Datasets is where you plug your customer data into Faraday, then organize it to make it usable for predictions. Here, you'll organize your data into identity sets, events, and traits that can be used throughout the Faraday platform. By plugging your data into Faraday, you're able to use it to target specific desirable outcomes that your customers take–such as purchases in leads.
Inside Datasets, you'll find a list of your current datasets if you have any, with as columns for:
- Source: the source type of this dataset, such as CSV.
- Row Count: the number of rows in the dataset.
- Identities: the number of unique identities, or people, in the dataset.
- Matches: the number of people in your dataset that Faraday found matches for.
- Match rate: the number of matches divided by the number of identities.
- Events: the event type of the dataset, such as orders or churns.
- Status: whether the dataset is ready, queued, or errored.

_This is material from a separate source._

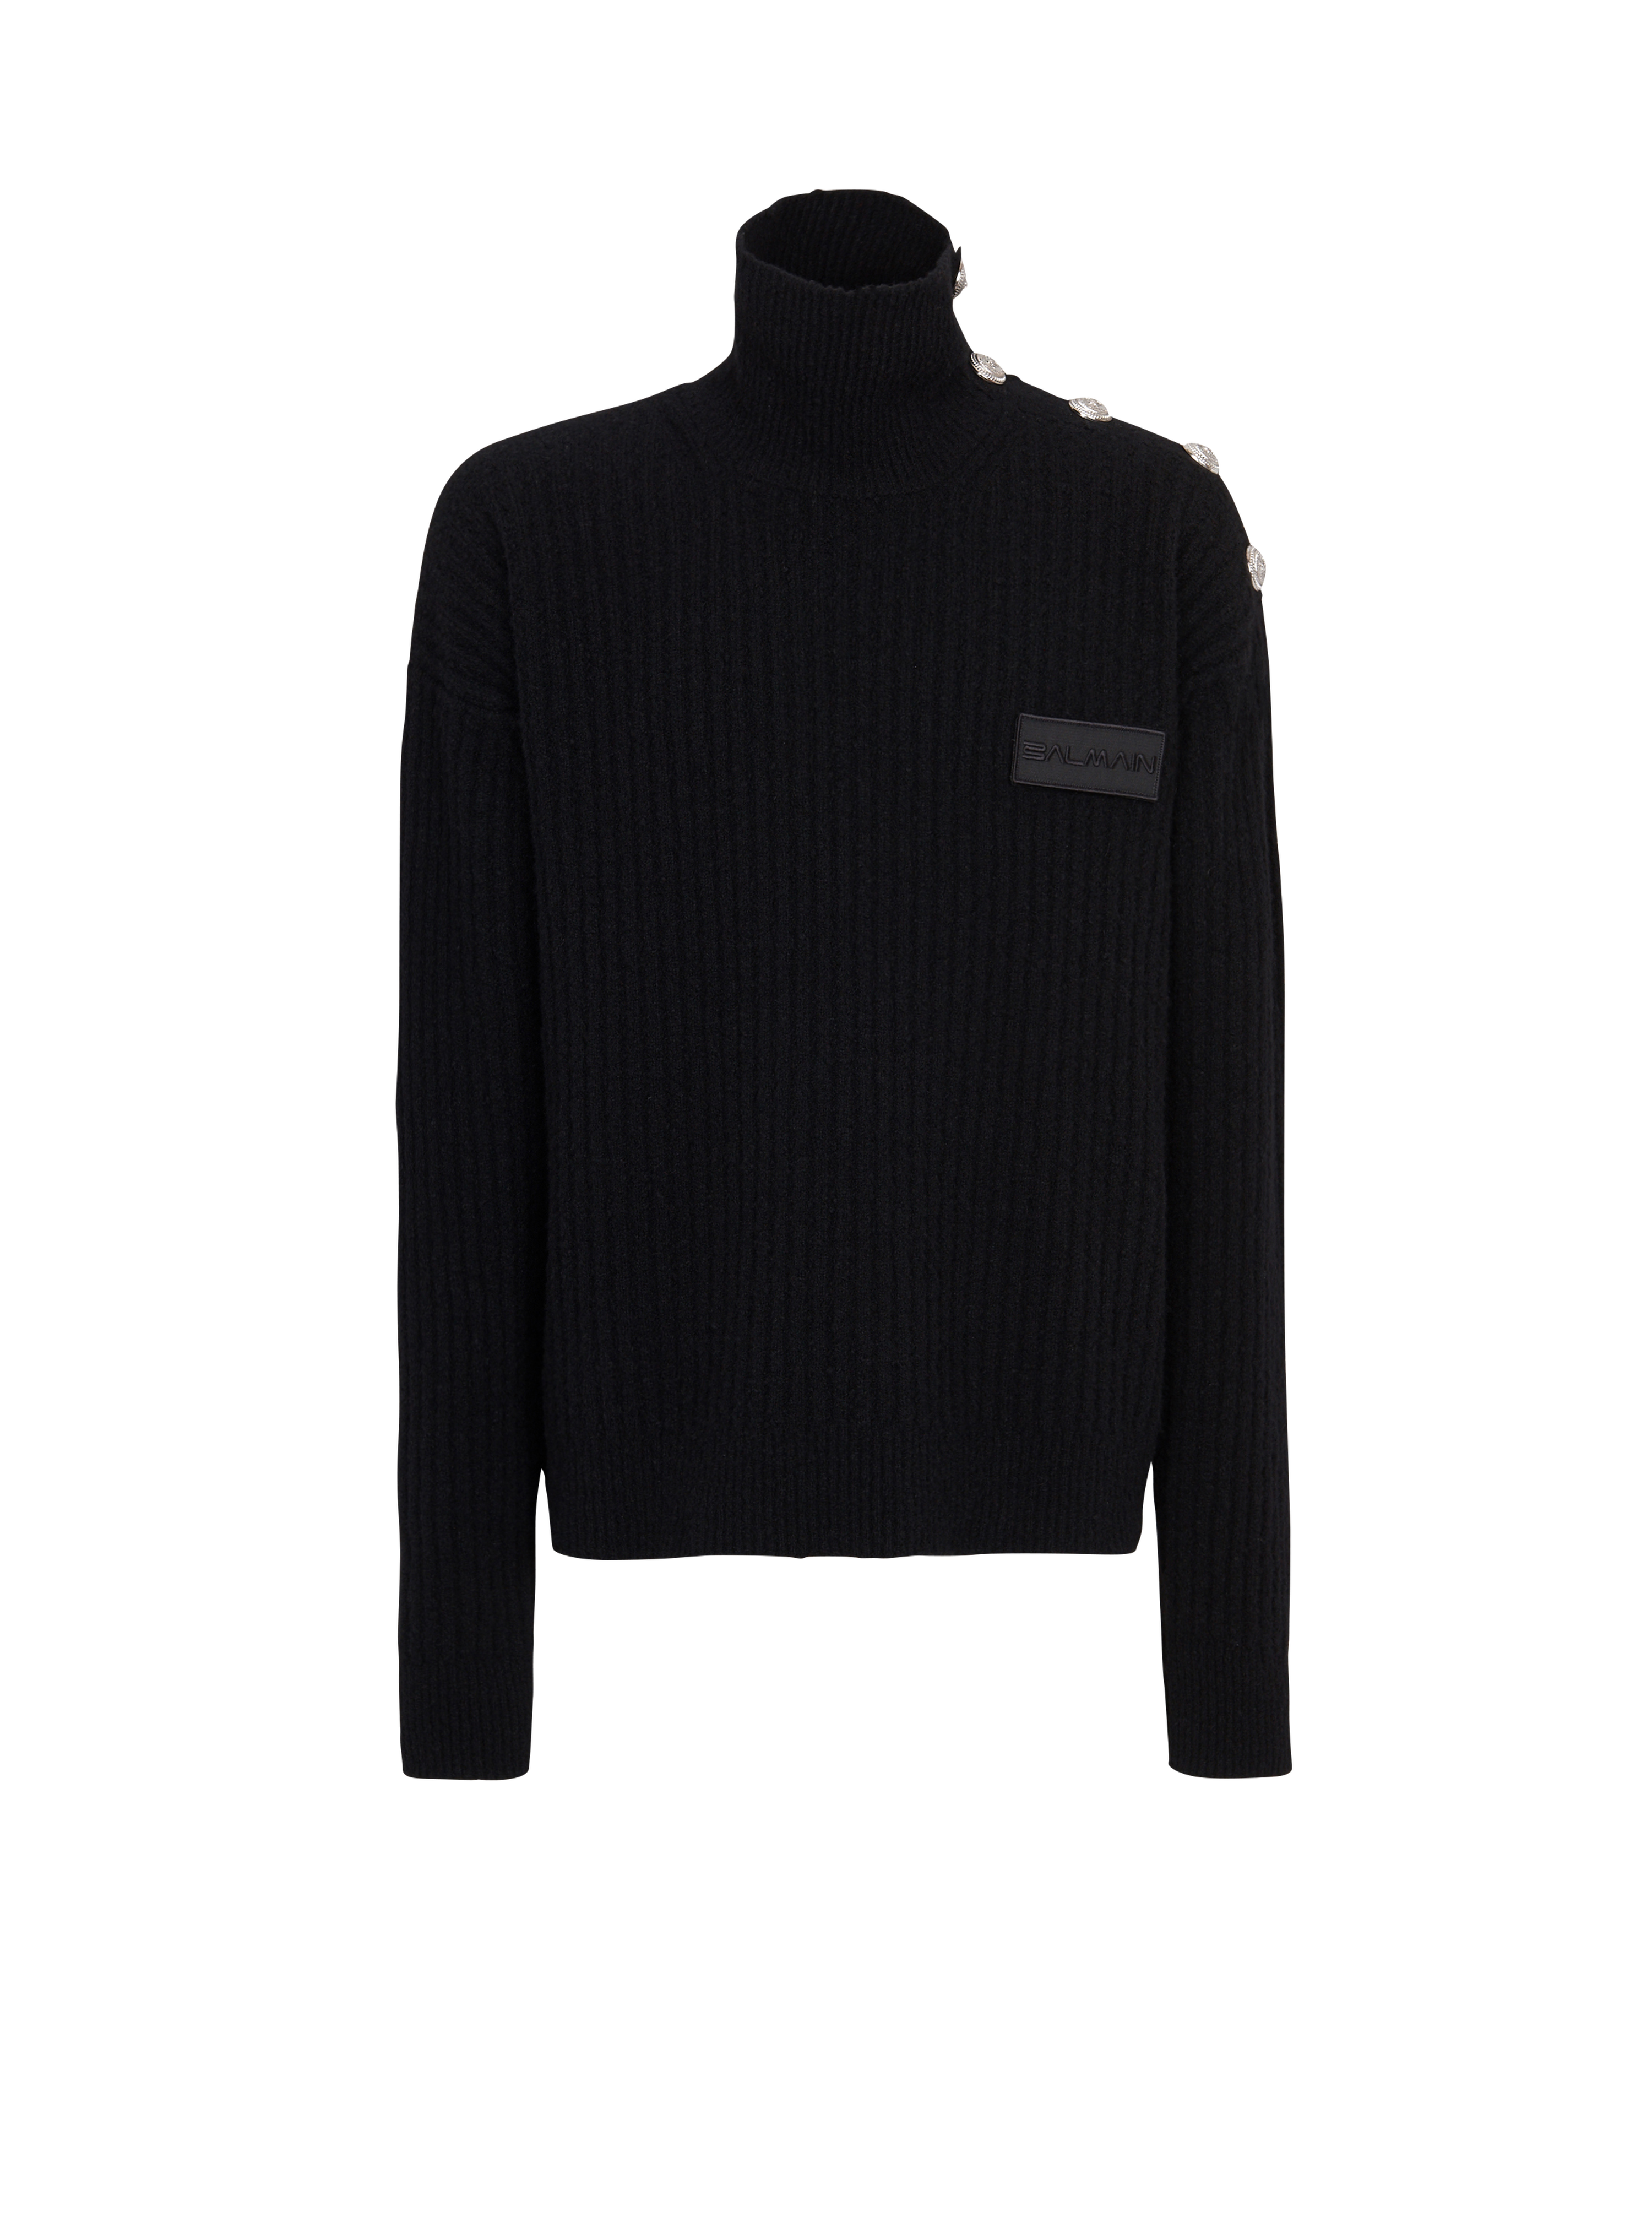 Cashmere turtleneck sweater, black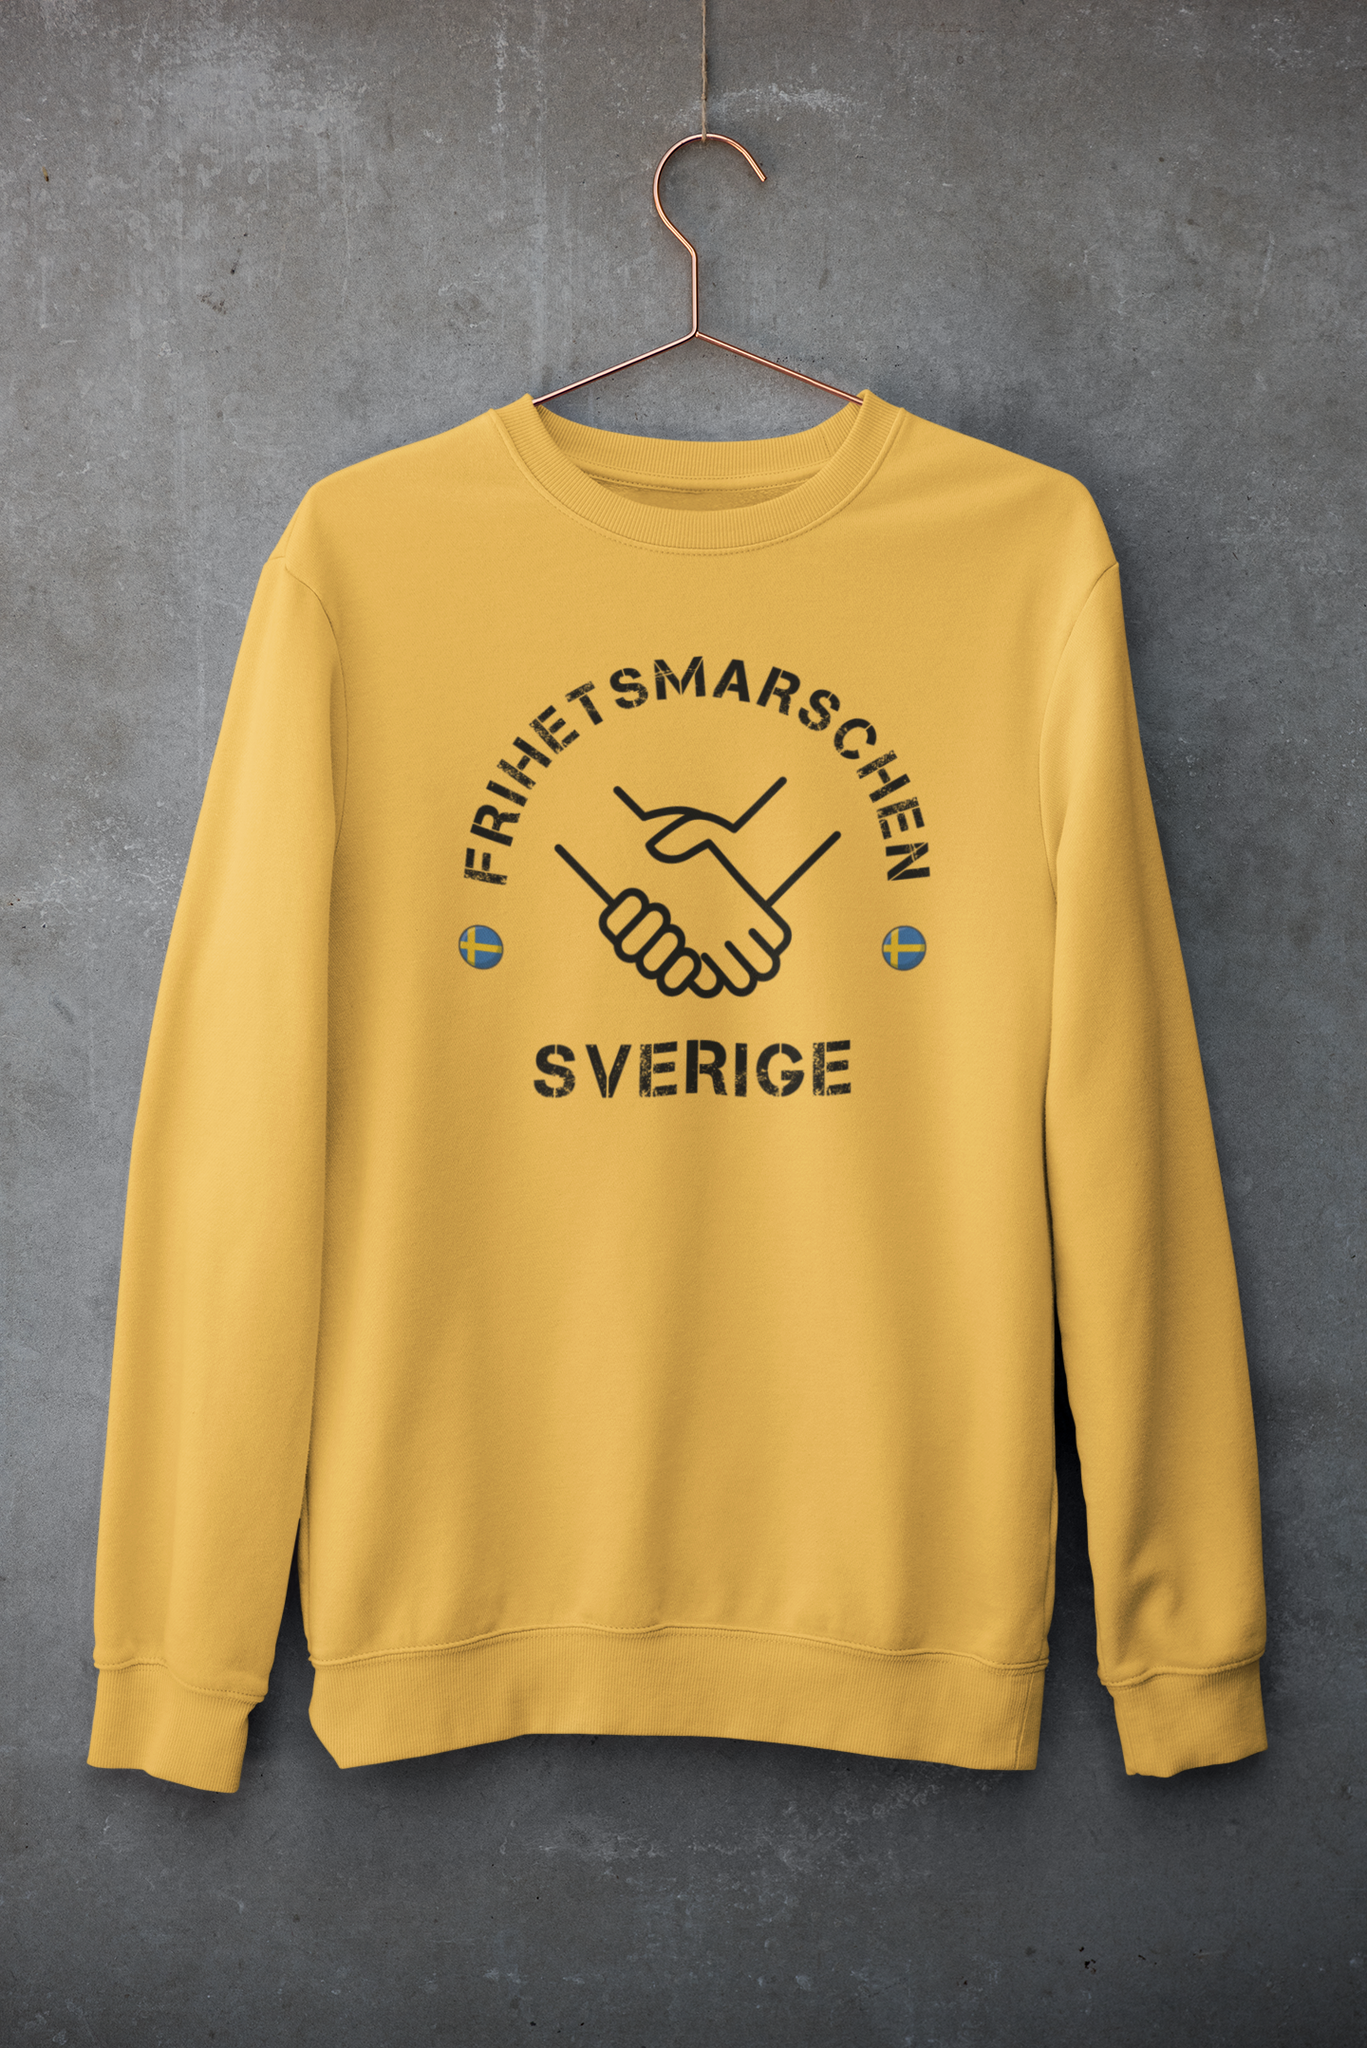 Frihetsmarschen Sverige Sweatshirt Unisex

- Select new dataset in the upper right of Datasets.
- Next, choose to create your data set from either a connection or CSV. The connections that populate here are pulled from the Connections, which is where you can add new ones.
- Regardless of whether you chose a connection-based or CSV-based dataset, after clicking finish, you'll receive a notification that your dataset has been created, and you'll be moved to the edit dataset view where you can customize it.
Identity sets are used to help Faraday identify people in your data. With this information, you can create cohorts of your customers (or anyone else identified in your data) and outcomes to make predictions about these individuals.
To add an identity set:
- In the dataset's definition (default) tab, click add identity set.
- Give your identity set a name.
- Next, match the properties that exist in your data in the field in dataset column with the Faraday property names in the left column.
Not all property fields are required, but email and address are the most useful for identifying people. The more fields you include, the more likely to match the people are.
- Once you're done matching your properties, click finish to save the identity set. If you need to edit or delete the identity set at any point, click the three dots (...) on the right.
Events show Faraday how to recognize actions taking place in your data, such as purchases, renewals, click events, upsells, etc. Dates are often the most useful piece of data for events.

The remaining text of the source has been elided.